Early intervention can make all the difference.
Every day, 33 babies are born in the United States with permanent hearing loss, making this the most common birth defect. If hearing loss is identified early and intervention takes place, children with hearing impairments can show dramatic improvements, be more successful in school, and become productive members of society.
That’s why CoxHealth began screening all newborns for hearing loss in 1997, and why the test has been mandated by Missouri since 2002.
The screening is safe, painless and takes less than 10 minutes. In fact, many babies sleep through it. During the test, we’ll place a tiny earphone in your baby’s ear canal. Advanced technology allows us to use a computer to measure the response from your baby’s ear. This is called an otoacoustic emission. In some situations, we may screen your baby by measuring their response through electrodes placed on their skin.
At CoxHealth, you’ll receive a yellow information card in your baby’s basinet when they pass the hearing screening.
Many babies who don’t pass the first screening have vernix in their ear canals. This is normal, and it may take a day or two for the ear canals to dry out. If your baby doesn’t pass the first time, they’ll be rescreened in the hospital. If your baby doesn’t pass the prescreening, we’ll ask you to come back to the nursery in two weeks for a repeat hearing screening.
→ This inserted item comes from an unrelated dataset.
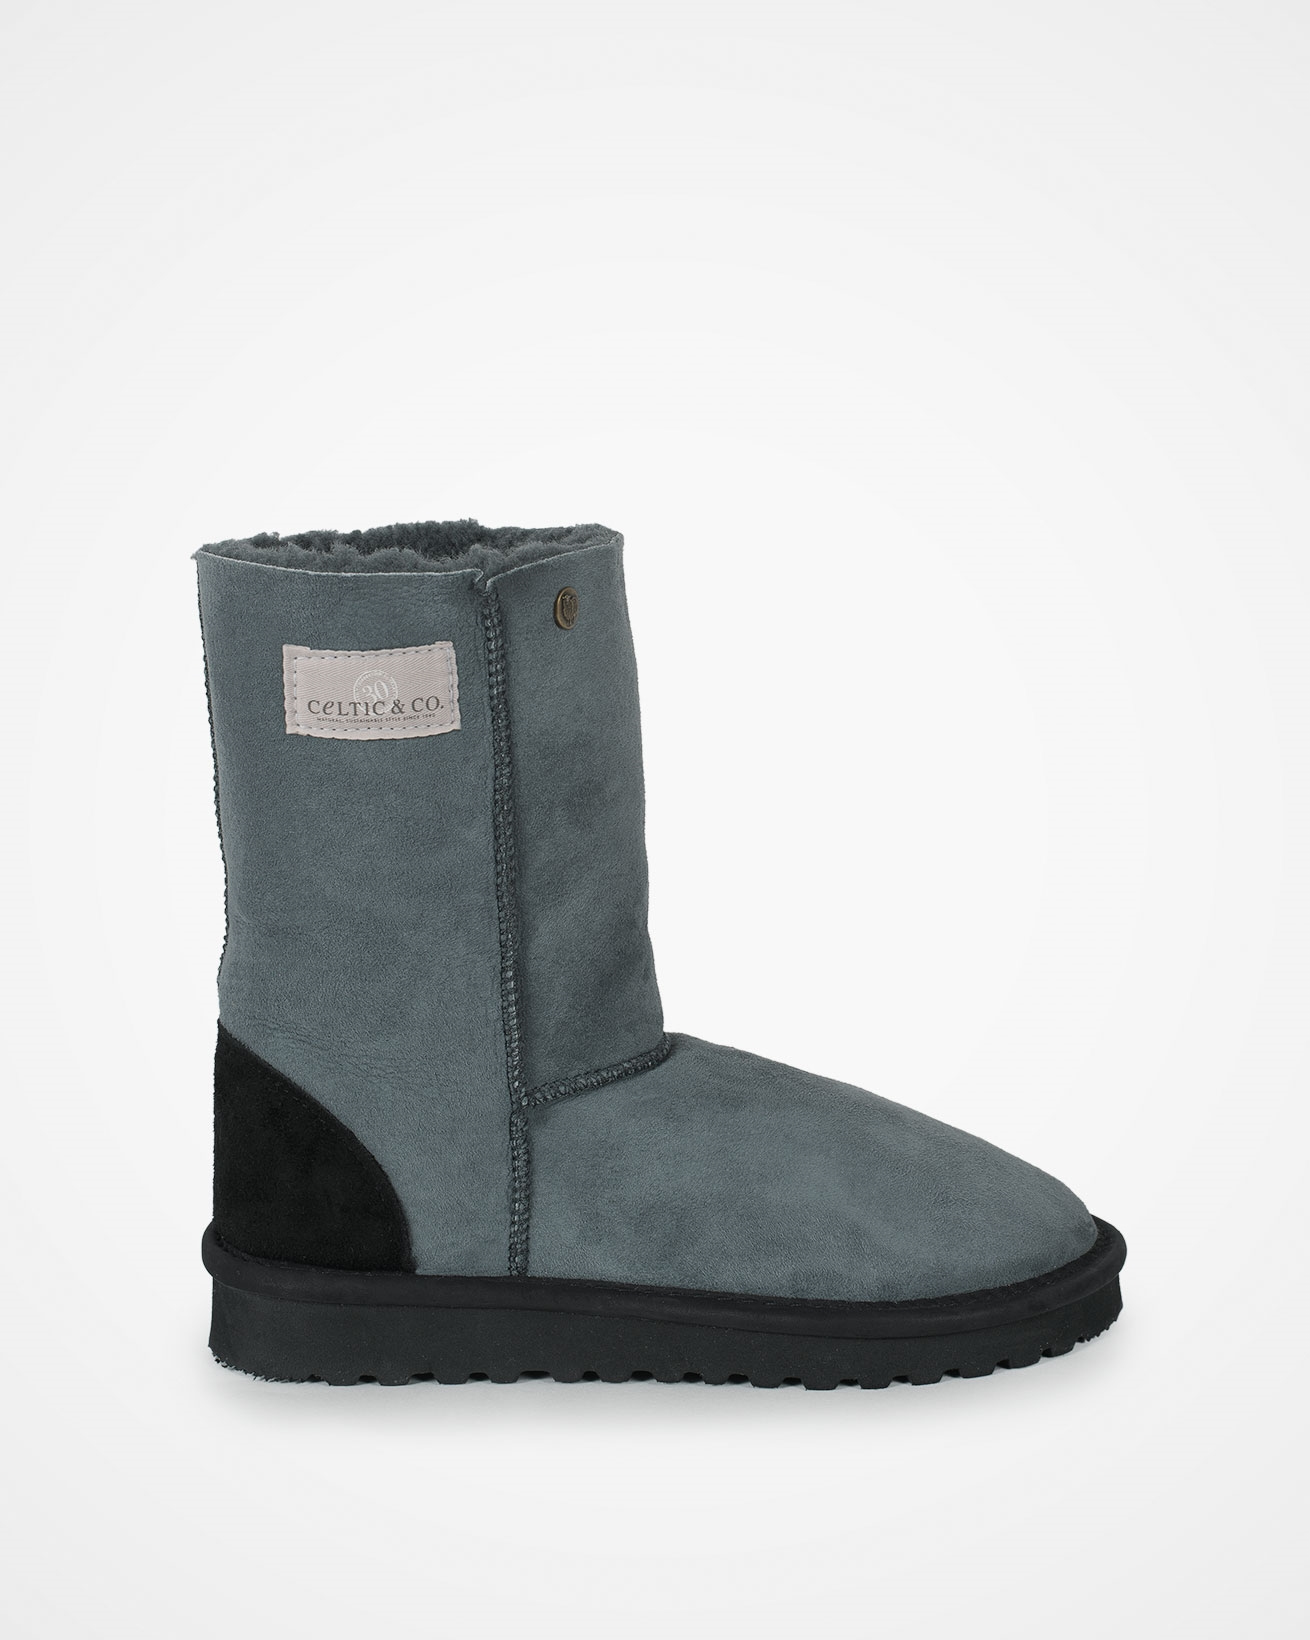 6614_original-celt-boots-regular_icon-dark-grey_outside.jpg

Most babies pass at this point, but if your baby doesn’t you’ll be referred to an audiologist for a full hearing evaluation. It’s still possible your baby has normal hearing. But if not, early detection will allow us to start appropriate interventions as soon as possible – the very best thing that can happen for a baby with hearing loss.
Research has shown that children who receive appropriate treatment before 6 months of age are one to two years ahead children whose hearing loss was identified later in terms of language, cognitive development and social skills when they enter first grade.